Aşağıdakileri kaydeder:
input tüketici (Belge şeması)
output üretici (MetinBelgesi şeması)
triples üretici (Üçlüler şeması)
Kütüphaneci isteği/yanıtı (veri çekme ve alt belge depolama için)
Dağıtım
Yeni kapsayıcı: trustgraph-flow-universal-decoder
Bağımlılık: unstructured[all-docs] (PDF, DOCX, PPTX vb. içerir)
Mevcut PDF çözücüyü tamamlayıcı olarak veya onun yerine çalışabilir.
akış yapılandırması
Mevcut PDF çözücü, ortamlar için kullanılabilir durumda kalacaktır.
unstructured bağımlılıkları çok ağır.
Değişiklikler
| Bileşen | Değişiklik |
|---|---|
provenance/namespaces.py |
TG_SECTION_TYPE, TG_IMAGE_TYPE, TG_ELEMENT_TYPES, TG_TABLE_COUNT, TG_IMAGE_COUNT ekleyin |
provenance/triples.py |
mime_type, element_types, table_count, image_count argümanlarını ekleyin |
provenance/__init__.py |
Yeni sabit değerleri dışa aktarın |
Yeni: decoding/universal/ |
Yeni bir kod çözücü hizmet modülü |
setup.cfg / pyproject |
unstructured[all-docs] bağımlılığını ekleyin |
| Docker | Yeni bir konteyner imajı |
| Akış tanımları | Evrensel kod çözücüyü belge girişi olarak kullanın |
Değişmeyenler
Chunker (MetinBelgesi'ni alır, önceki gibi çalışır) Aşağı akış ayıklayıcıları (Parçayı alır, değişmeden) Kütüphaneci (çocuk belgeleri saklar, değişmeden) Şema (Belge, MetinBelgesi, Parça değişmeden) Sorgu zamanı köken bilgisi (değişmeden)
Riskler
unstructured[all-docs], önemli bağımlılıklara sahiptir (poppler, tesseract,
libreoffice, bazı formatlar için). Container imajı daha büyük olacaktır.
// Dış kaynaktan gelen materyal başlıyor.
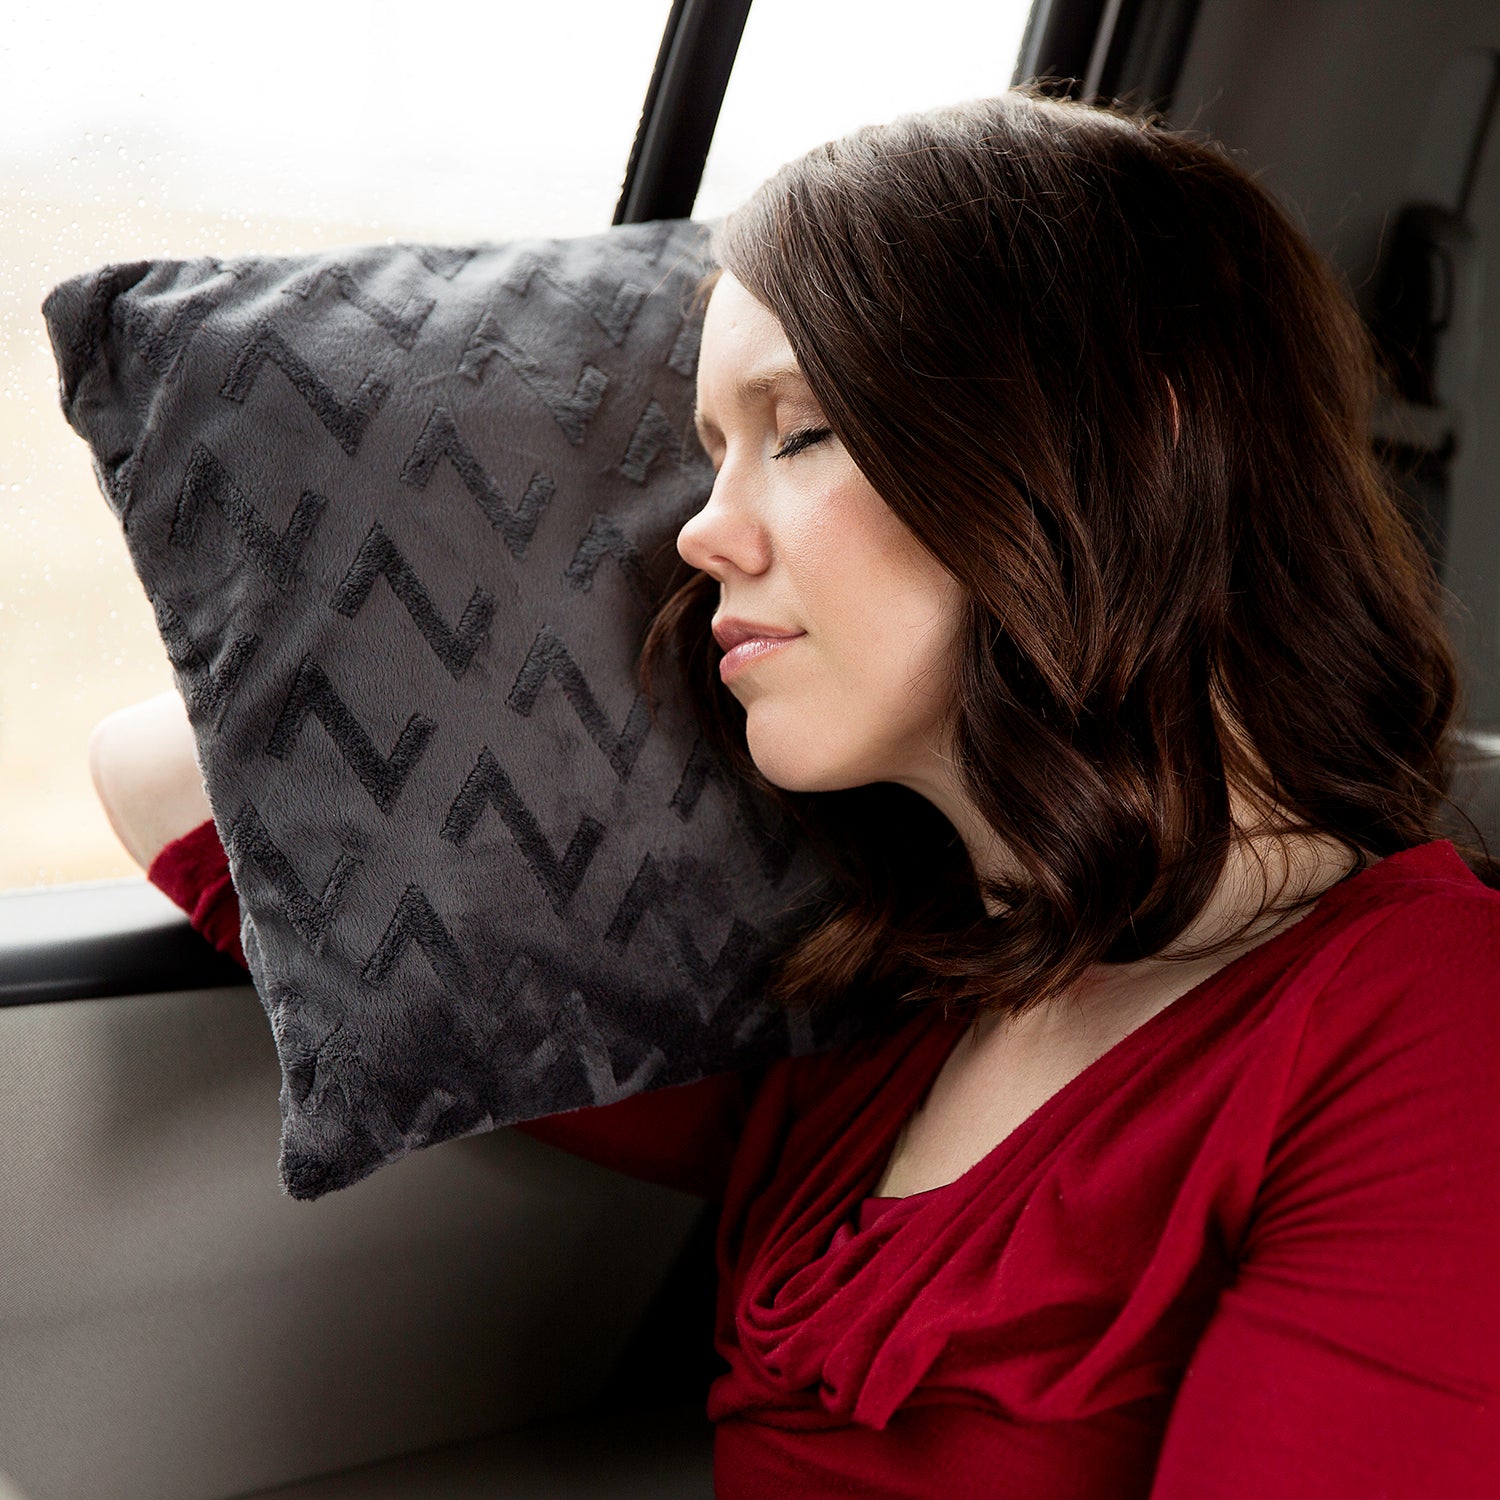 Travel Dough® Pillow - Ultimate Comfort Sleep

Çözüm: OCR/ofis bağımlılıkları olmadan [light]'ın bir varyantını sunun.
Bazı formatlar, zayıf metin çıkarma sonuçları verebilir (OCR uygulanmamış PDF'ler,
OCR, karmaşık XLSX düzenleri). Çözüm: yapılandırılabilir strategy
parametresi ve mevcut Mistral OCR çözücü kullanılabilir durumda.
Yüksek kaliteli PDF OCR için.
unstructured sürüm güncellemeleri, öğe meta verilerini değiştirebilir.
Çözüm: sürümü sabitleyin, her format için çıkarma kalitesini test edin.